All code is here: https://github.com/ldci/redCV/tree/master/samples/signal_processing. 

You can do great things with Red!

 

Giving voices to your apps

I'm starting to think about developing multimodal interfaces (vision and sound) for Red. With macOS it's quite easy because we can use the ‘say’ system command.

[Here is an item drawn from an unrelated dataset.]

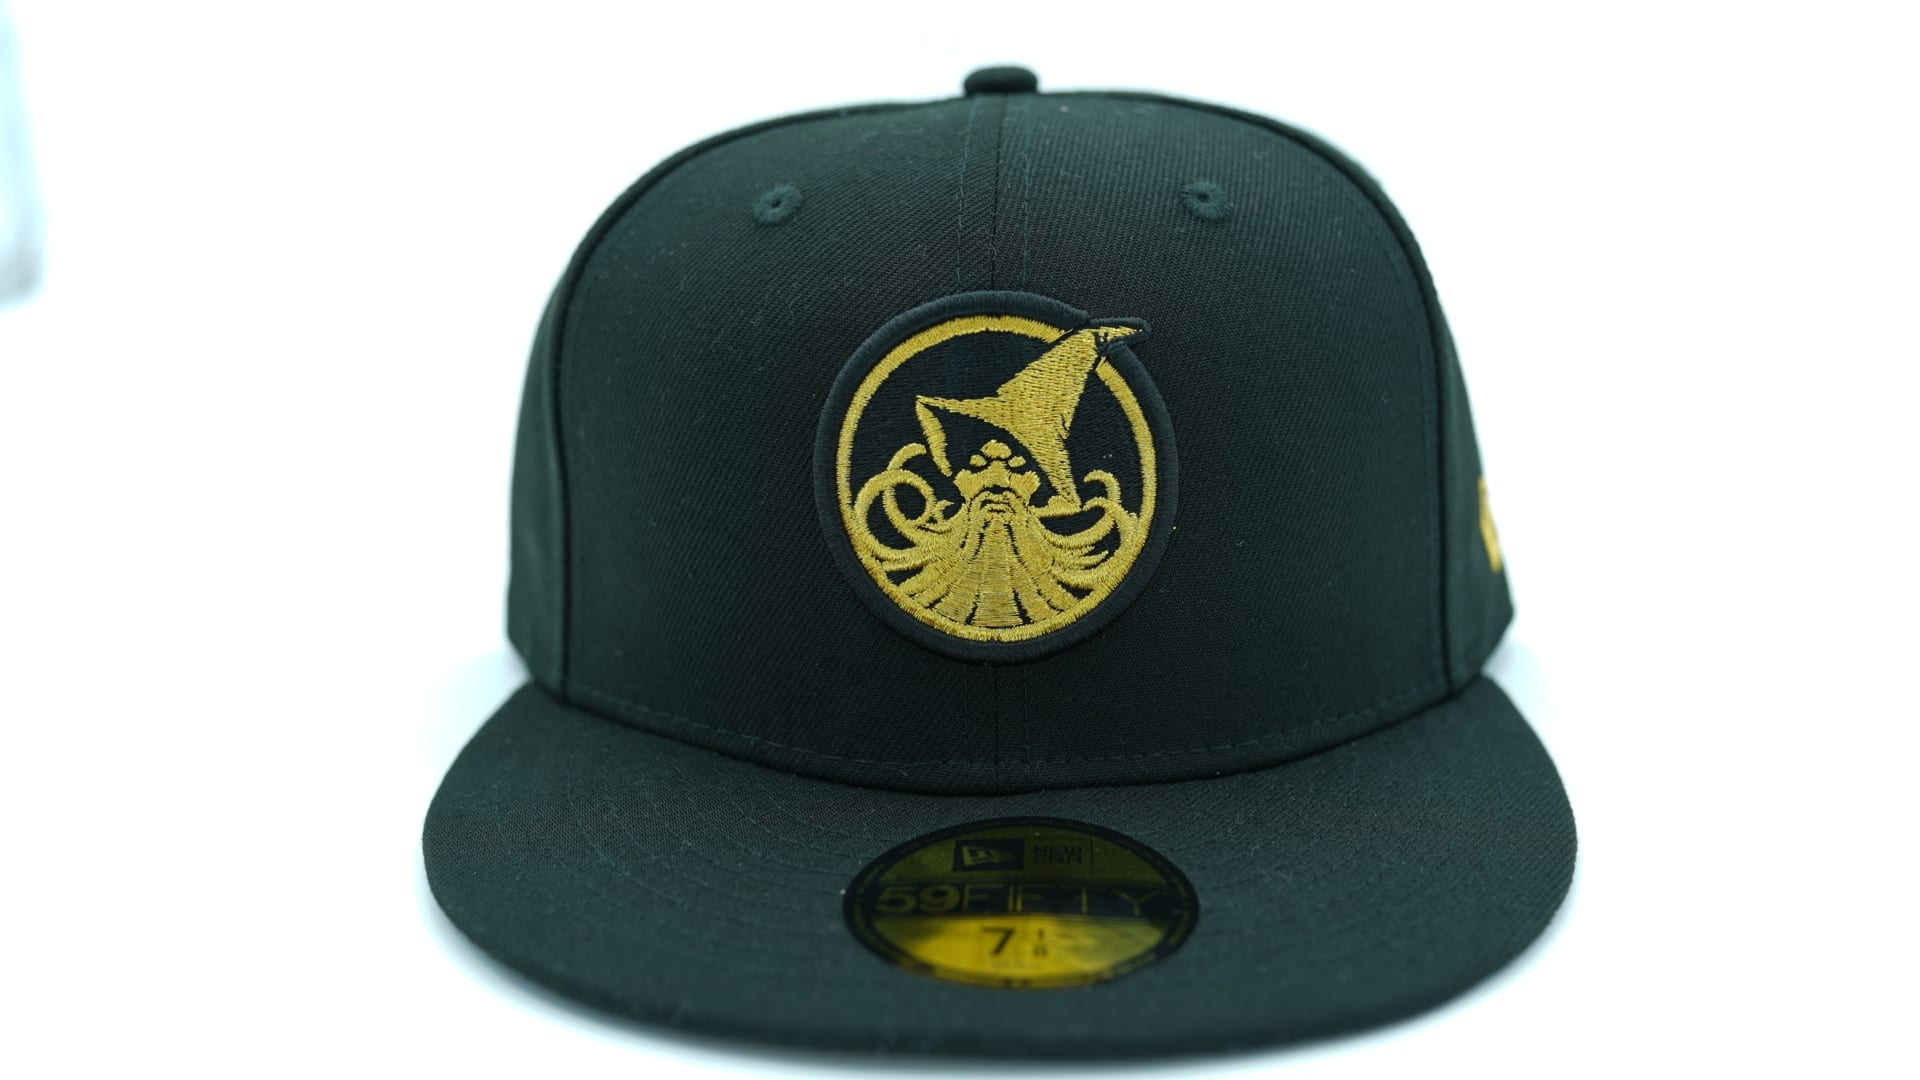 king-stampede celeb fitted baseball cap new era 59fifty buckshot blackmoon

For Windows and Linux, I'd be delighted if other developers came up with a similar solution.

Here (https://github.com/ldci/Voices) are a few examples of how to use this command with Red and Rebol 3.

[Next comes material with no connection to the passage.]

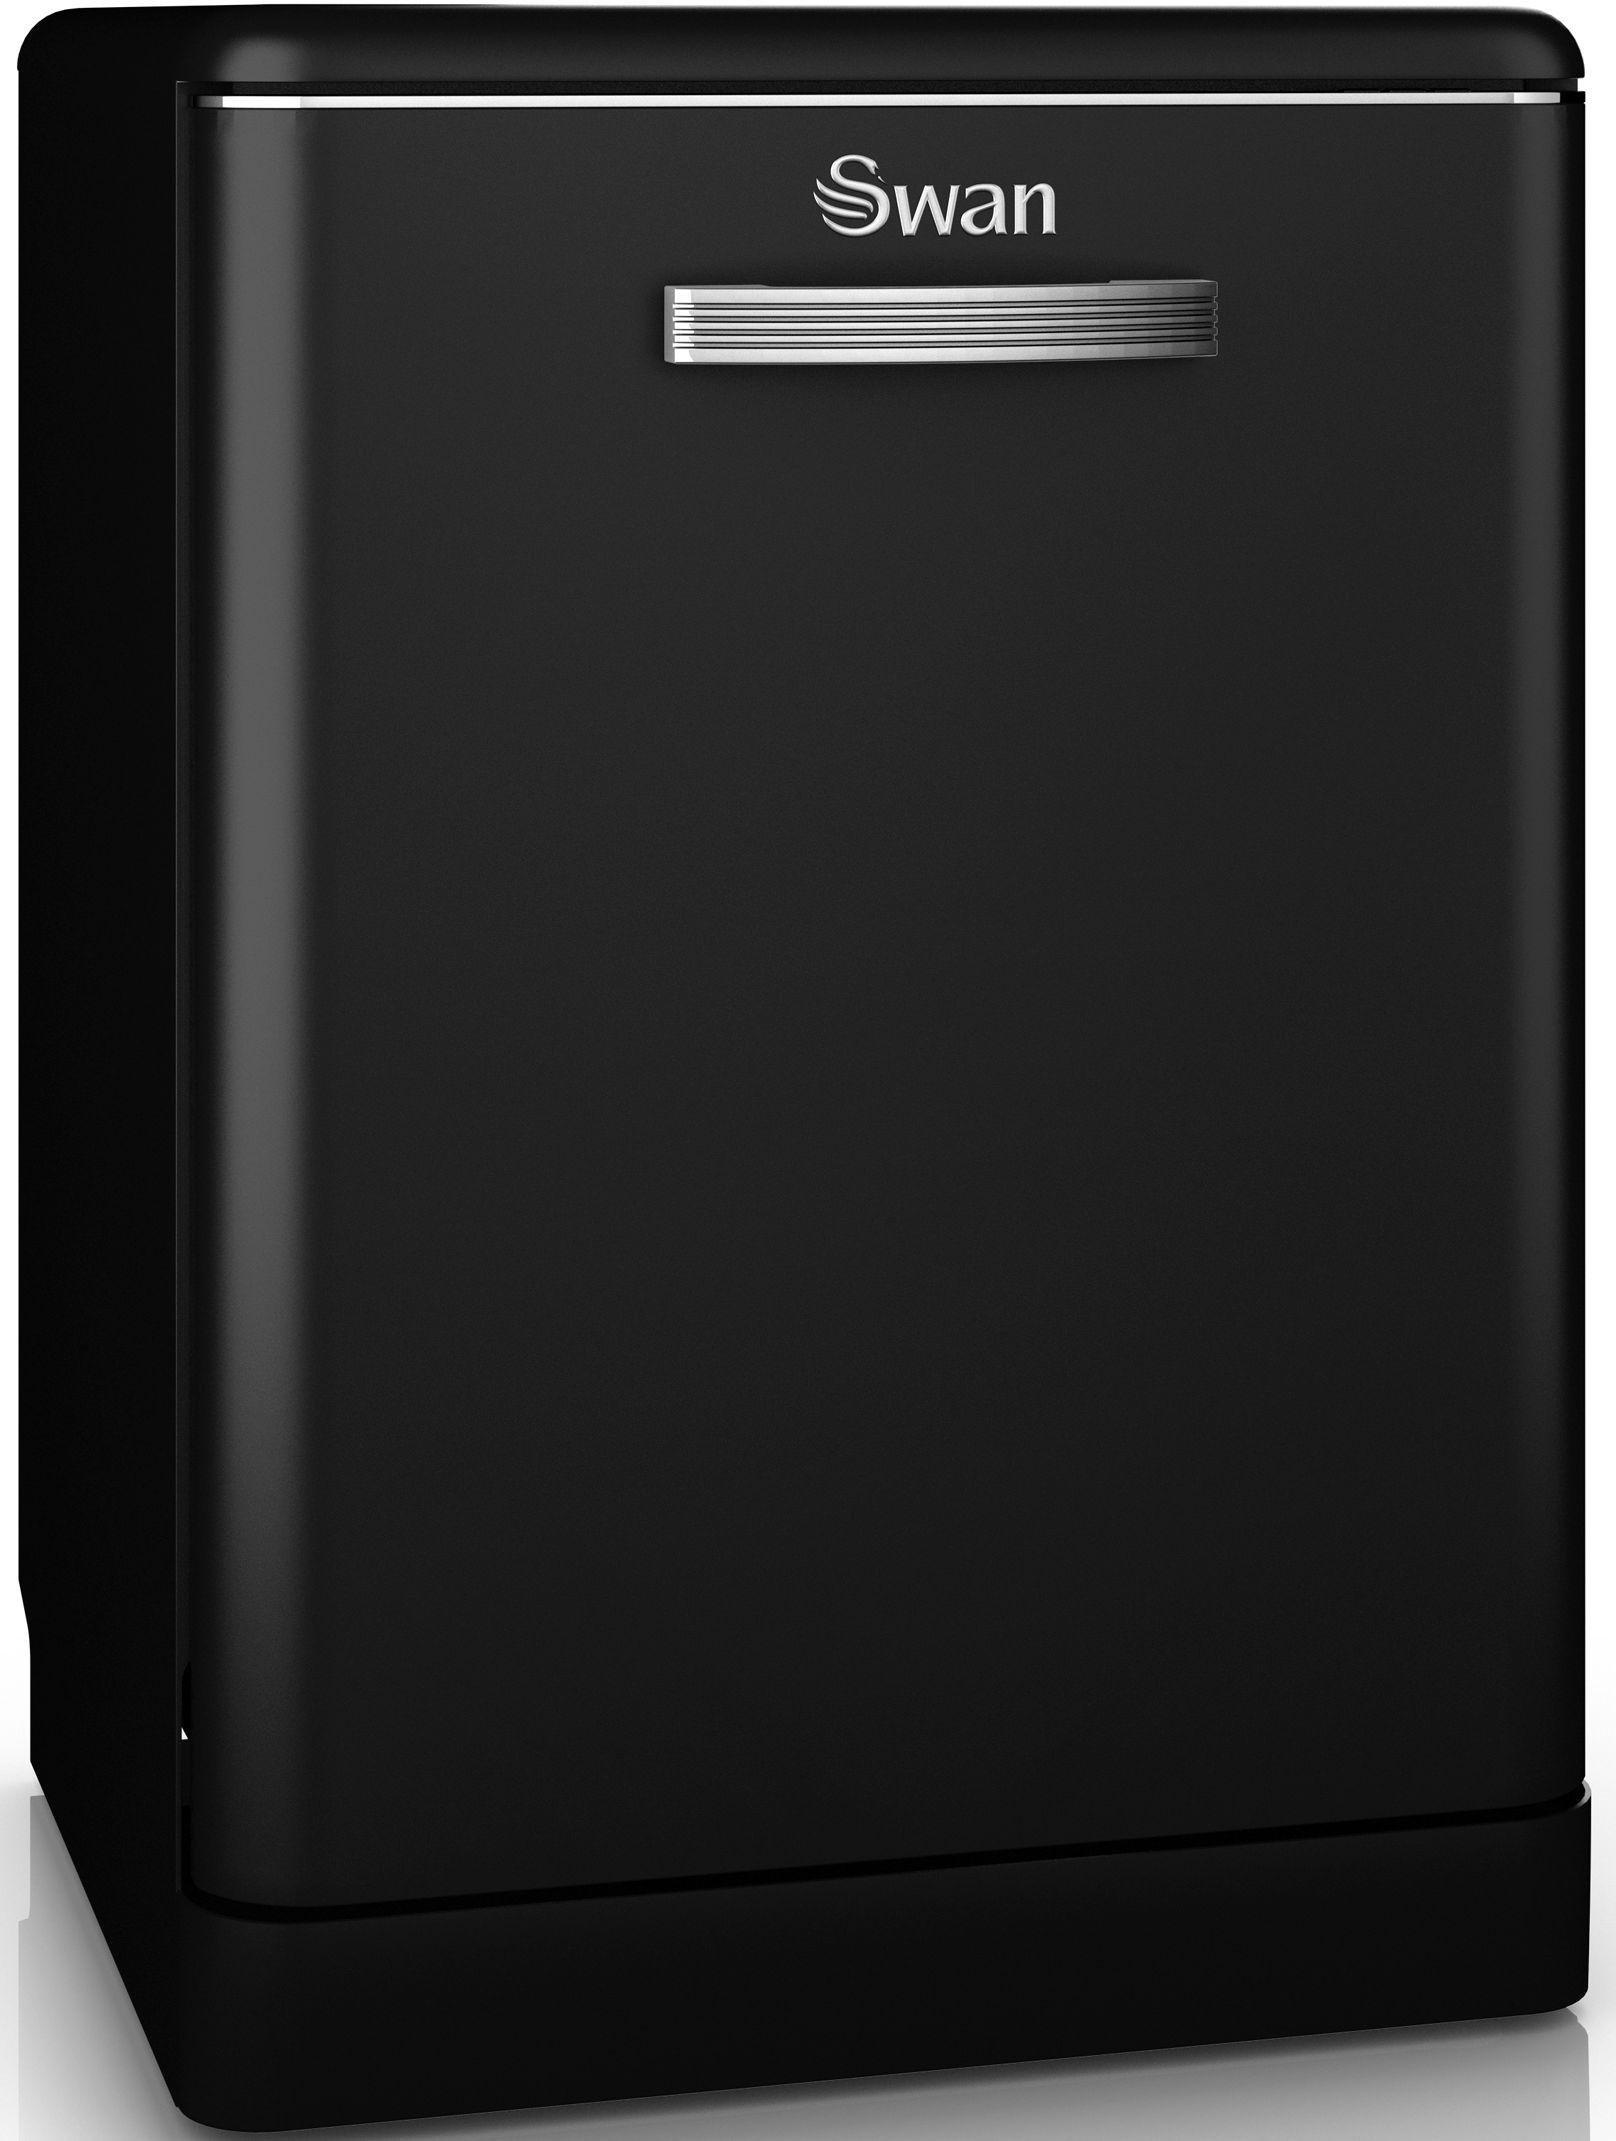 swan-sdw7040bn-retro-dishwasher-black

This is an example of Red code:

#!/usr/local/bin/red-view
Red[
Author: "ldci"
needs: view
]
;--for macOS 32-bit (Mojave) 
;--new version 
voices:         []
languages: []
sentences: []
flag:                 1
filename:   %voices.txt
getVoices: does [call/shell/output "say -v '?'" filename]
loadVoices:  does [
vfile: read/lines filename
foreach v vfile [
tmp: split v "#" 
append sentences tmp/2
trim/lines tmp/1
append voices first split tmp/1 space
append languages second split tmp/1 space
]
a/text: sentences/1
f/text: languages/1
]
generate: does [
prog: rejoin ["say -v " voices/:flag " " a/text]
call/shell/wait prog
]
mainWin: layout [
title "Voices"
dp1: drop-down data voices
select 1
on-change [
flag: face/selected
f/text: languages/(face/selected)
a/text: sentences/(face/selected)
]
f: field center
button "Talk" [generate] 
pad 100x0 
button  "Quit" [quit]
return
a: area 450x50
do [unless exists? filename [getVoices] loadVoices]
]
view mainWin

And the GUI result

A very interesting approach is now proposed by Oldes for macOS and Windows: https://github.com/Oldes/Rebol-Speak/releases/tag/0.0.1

Minimalistic but efficient :

#!/usr/local/bin/r3

Rebol [

]

speak: import speak     ;--import module

with speak [

list-voices     ;--list all voices

say/as "Hello Red world!" 15             ;--english voice

say/as "Bonjour Red!" 166     ;--french voice

]

And a Windows equivalent of macOS say developed by Philippe Groarke: https://github.com/p-groarke/wsay?tab=readme-ov-file

And also Jocko's tests for Windows  and macOS: https://github.com/jocko-jc/red-tts

The code was initially developed for Rebol and is now updated for Red.